◆ **Exercise details**: Skip every picture, then write out exactly the lines of the listing below from the line that contains "OneStopShop-Trustly" through the final line.

◆ **Source data**:
--------------------
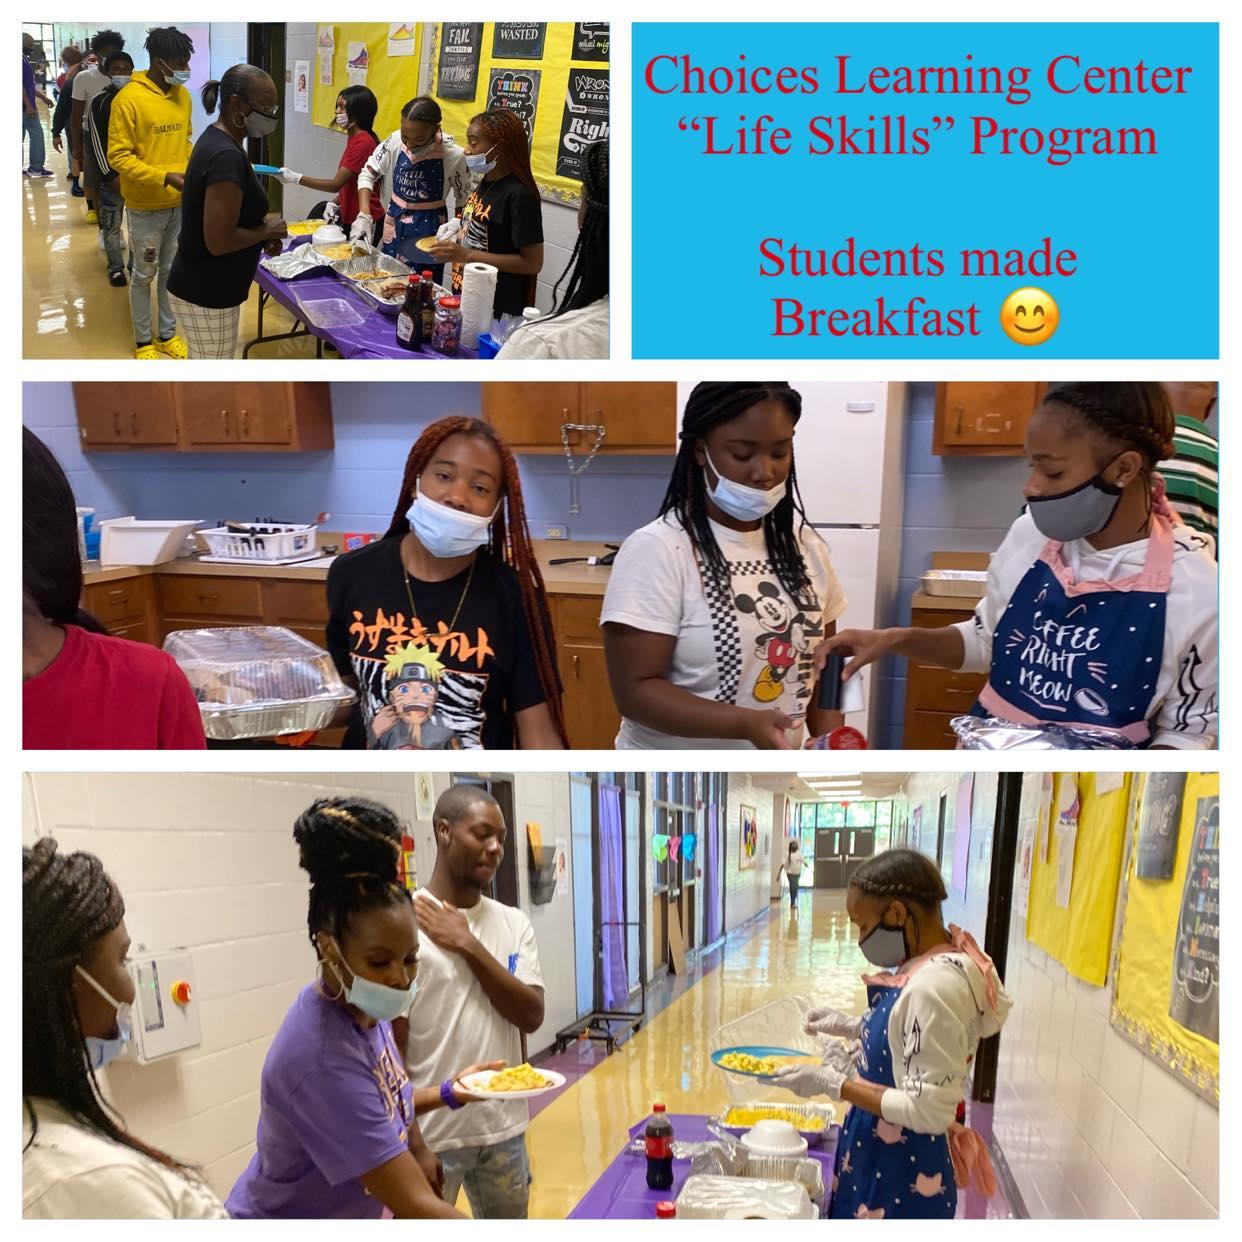 Students prepare breakfast
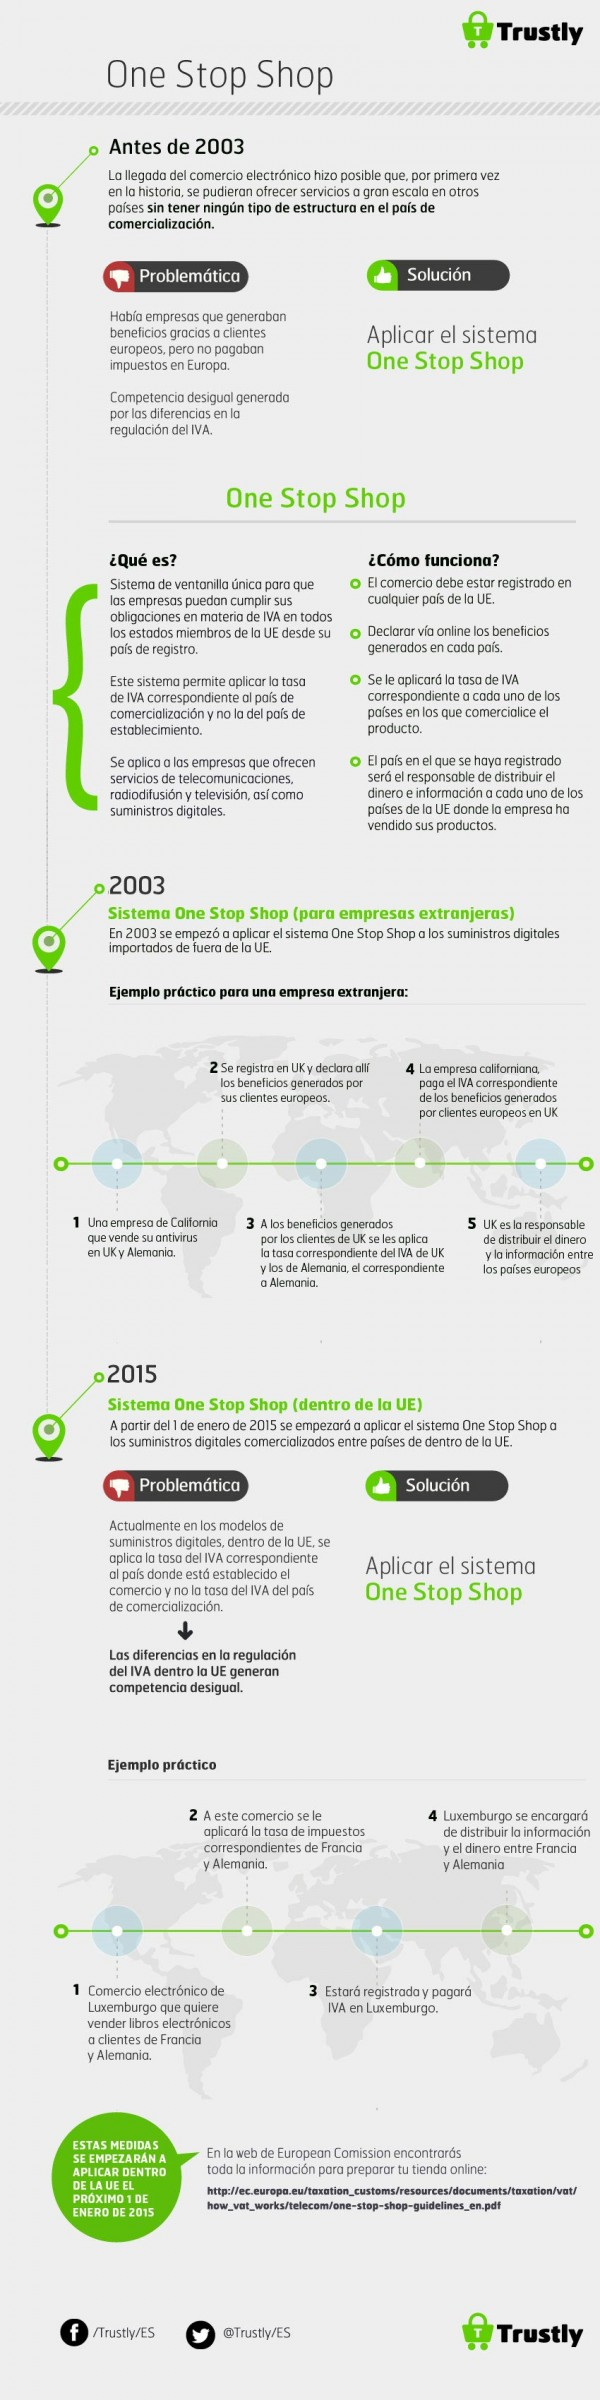 OneStopShop-Trustly
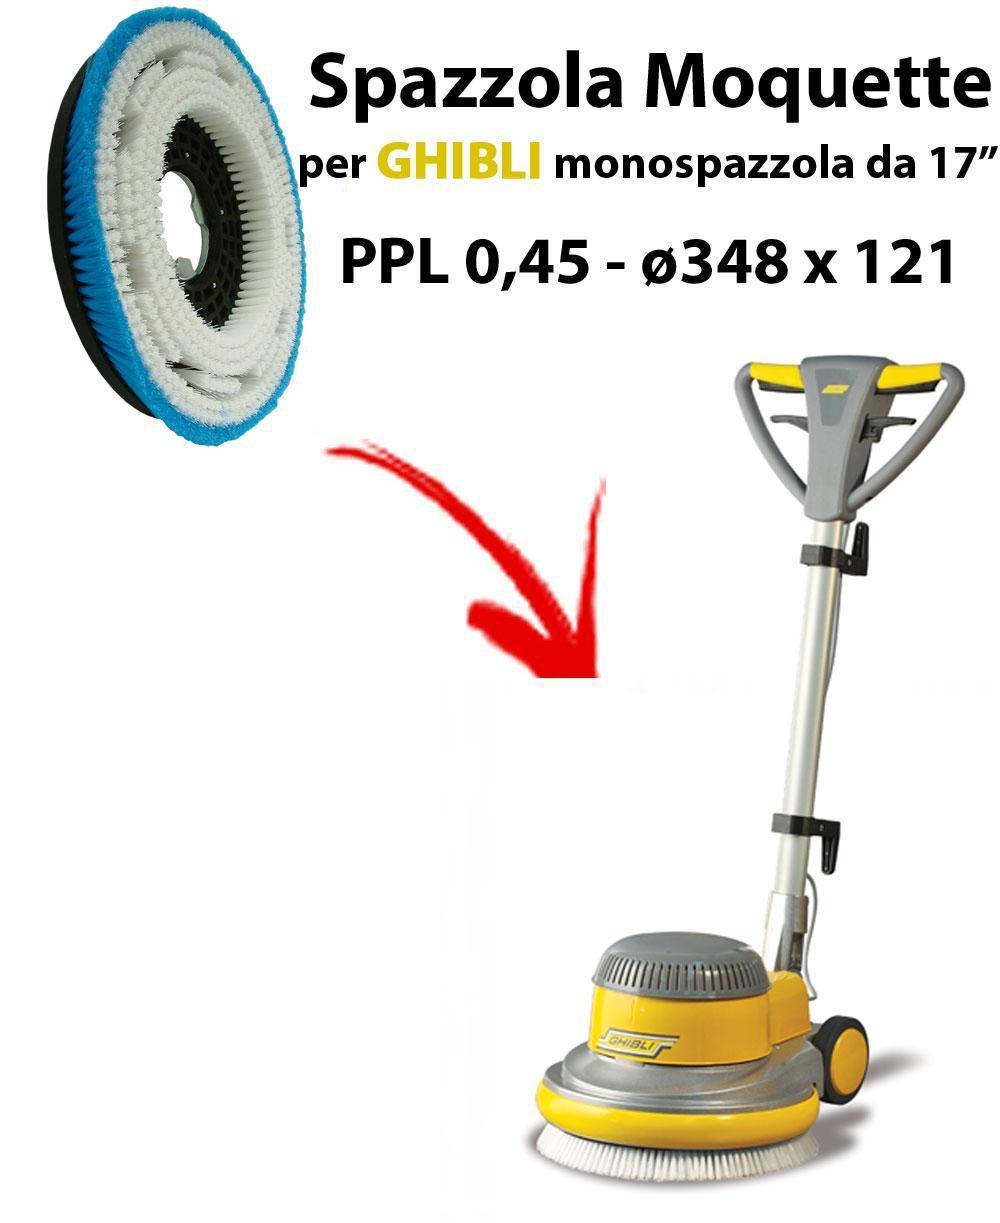 MOQUETTE BRUSH for scrubber dryer COMAC ABILA 45. Model: PPL 0,45 C/FLANGIA ⌀348 X 121
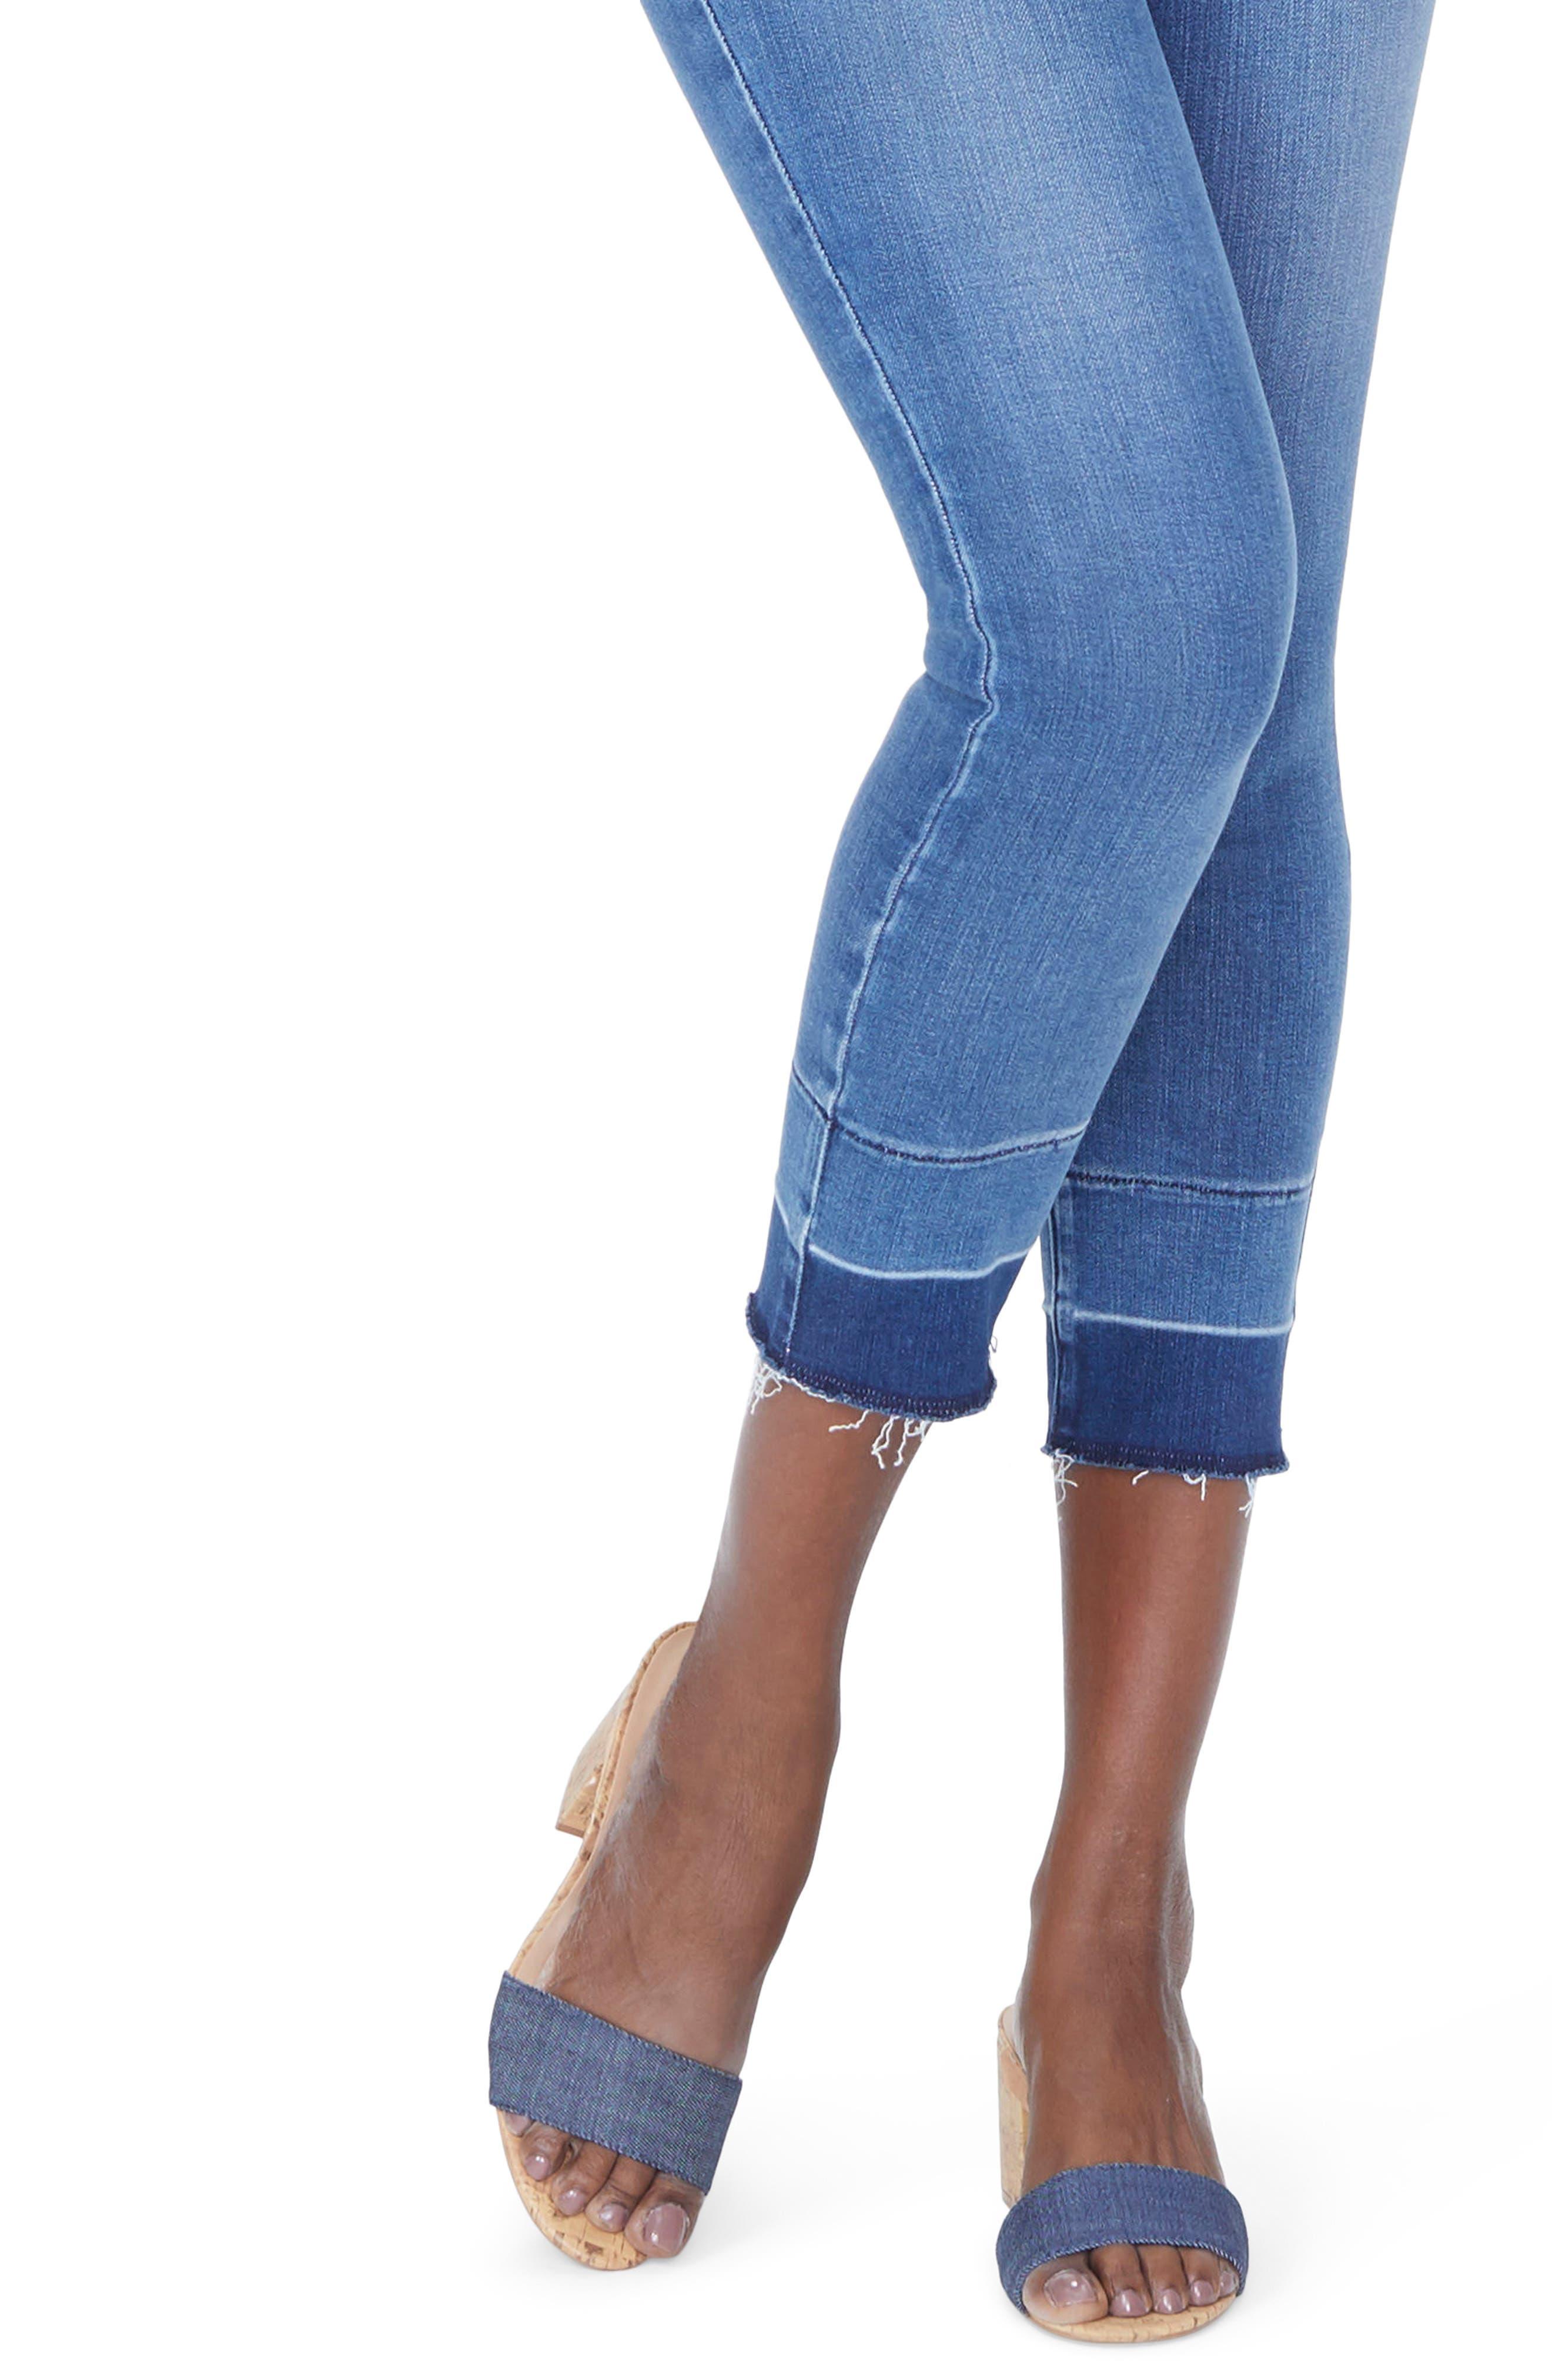 Alina Release Hem Ankle Skinny Jeans,                             Alternate thumbnail 5, color,                             Wishful
--------------------
◆ **Exercise response**:
 OneStopShop-Trustly
 MOQUETTE BRUSH for scrubber dryer COMAC ABILA 45. Model: PPL 0,45 C/FLANGIA ⌀348 X 121
 Alina Release Hem Ankle Skinny Jeans,                             Alternate thumbnail 5, color,                             Wishful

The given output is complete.